Ora et labora. Bellum et labora. Работа и молитва. Война и молитва.

«С утра я пошёл Богу молиться и молился с таким настроением — полным и приподнятым, как давно не молился, — сообщает жене в письме от 16 августа 1916 года. — Теперь я командую временно дивизией… Пели певчие головного полка… и я вместе с этими серыми, ходящими пред ликом смерти людьми молился Создателю мира с чувством глубокой веры и признательности… Батюшка сказал короткую, но хорошую проповедь и окончательно меня растрогал. Тема её: Богородица — покров всех, к ней идущих со смиренным и чистым сердцем. Будьте чисты: щадите храмы, кому бы в них ни поклонялись, воюйте со врагом, неся ему в сердце меч, а не с жёнами и детьми, которые встречаются на вашем пути и выносят все невзгоды войны…»

Война полыхает, уходят из жизни воины, и часто — друзья, близкие, товарищи. Полк за последние бои потерял многих: кто ранен, кто вовсе убит. Гибель Тринёва особенно тяжёлым камнем легла на сердце. Земляк, спорщик, фронтовой друг, предчувствовавший и не раз, когда потерял двоих друзей, повторявший, что будет убит. Веря в своё предчувствие, стал сторожек, даже робок. Имея целый расклад наград, всё хлопотал и торопился получить орден Святого Георгия, к которому был представлен Снесаревым, после гибели Тринёва грустно вопрошавшим: «…Зачем была эта суета, это беспокойство о земных украшениях, когда его подкарауливала смерть?»

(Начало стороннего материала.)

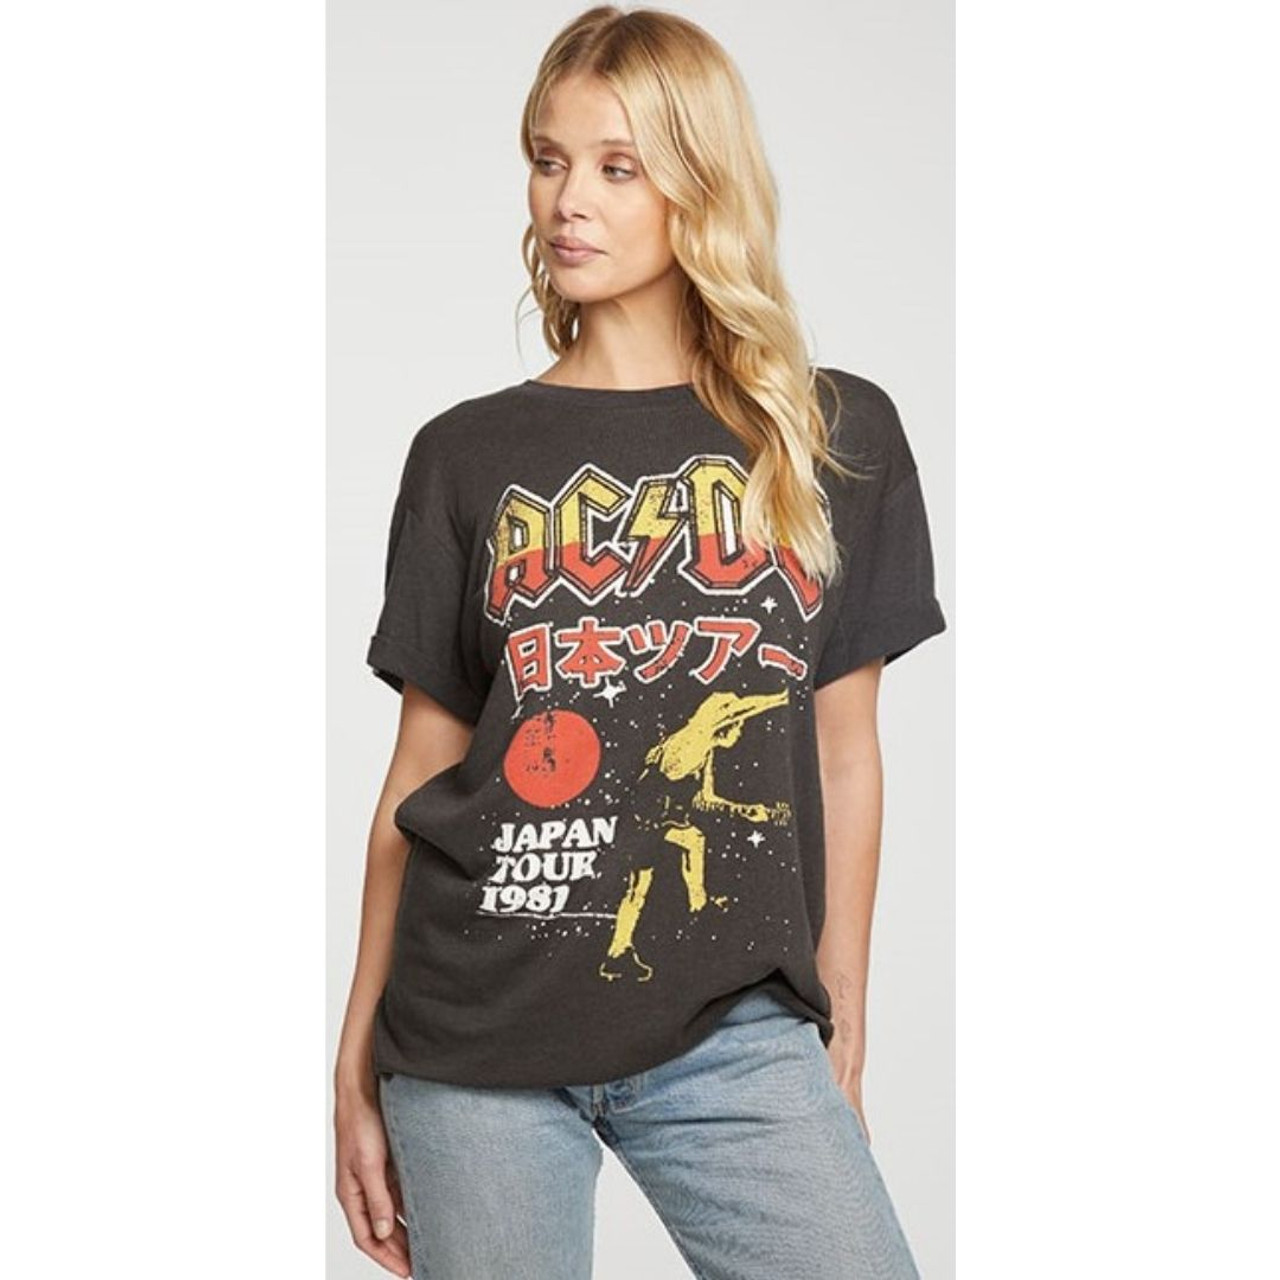 Rock On Lets Rock Concert Band Tees Vintage T-Shirt

Снесарев, сознавая бессилие своё и мира, не раз повторял грустную сентенцию о том, что, мол, всех слёз людских не вытрешь, но слёзы эти, сиротство мира, разруха мира всё время отзывались в его сердце саднящей болью. Человеческой растерянностью и пониманием неизбежности многого, что на земле происходит, дышит письмо жене от 21 августа 1916 года: «Кругом нас, куда ни придём, бабы, дети и старики, мужчин нет, словно их вымели веником. Нужда кругом большая; если бы не наши солдаты, население умирало бы с голоду. Грустно видеть, как эта тяжкая нужда всё выбивает в человеке — нравственное, стыдливое, возвышенное… Война, при всем её суровом величии и необъятности размаха, — во многих своих углах жестокая кровавая драма, особенно там, где она бьёт мимоходом посторонних. Эти посторонние, забитые чёрным крылом войны, — одно из тягостных её явлений; в минуты раздумий они встают предо мною как живые и просят меня ответить им: “Зачем, что они сделали?..” Ребёнок с простреленными ногами, принесённый в лазарет… крестьянин, убитый на улице и свалившийся в канаву с окаменелым недоумением на лице, корова, валяющаяся около пруда с вывороченными внутренностями, беременная баба, убитая пулемётом с аэроплана, аист, поражённый прямо в сердце и уже мертвецом планирующий к земле… И сколько их, и зачем они? Я знаю некоторых людей, храбрых и бодро смотрящих в лицо смерти, которые уверенно говорят, что после войны они ни секунды не останутся в рядах войска. Я их понимаю, этих жалостливых людей, хотя очень плохих философов. Я сам очень много страдаю с моей жалостливостью от многих картин, но остаюсь при вере, что война и великое дело, и дело неизбежное. Ибо иначе пришлось бы категорически осудить мыслительный аппарат человечества, не сумевший вычеркнуть войну из своего мирового обихода. В том-то и дело, что война влита в существо нашего мира как один из величайших факторов юридического, экономического и нравственного характера».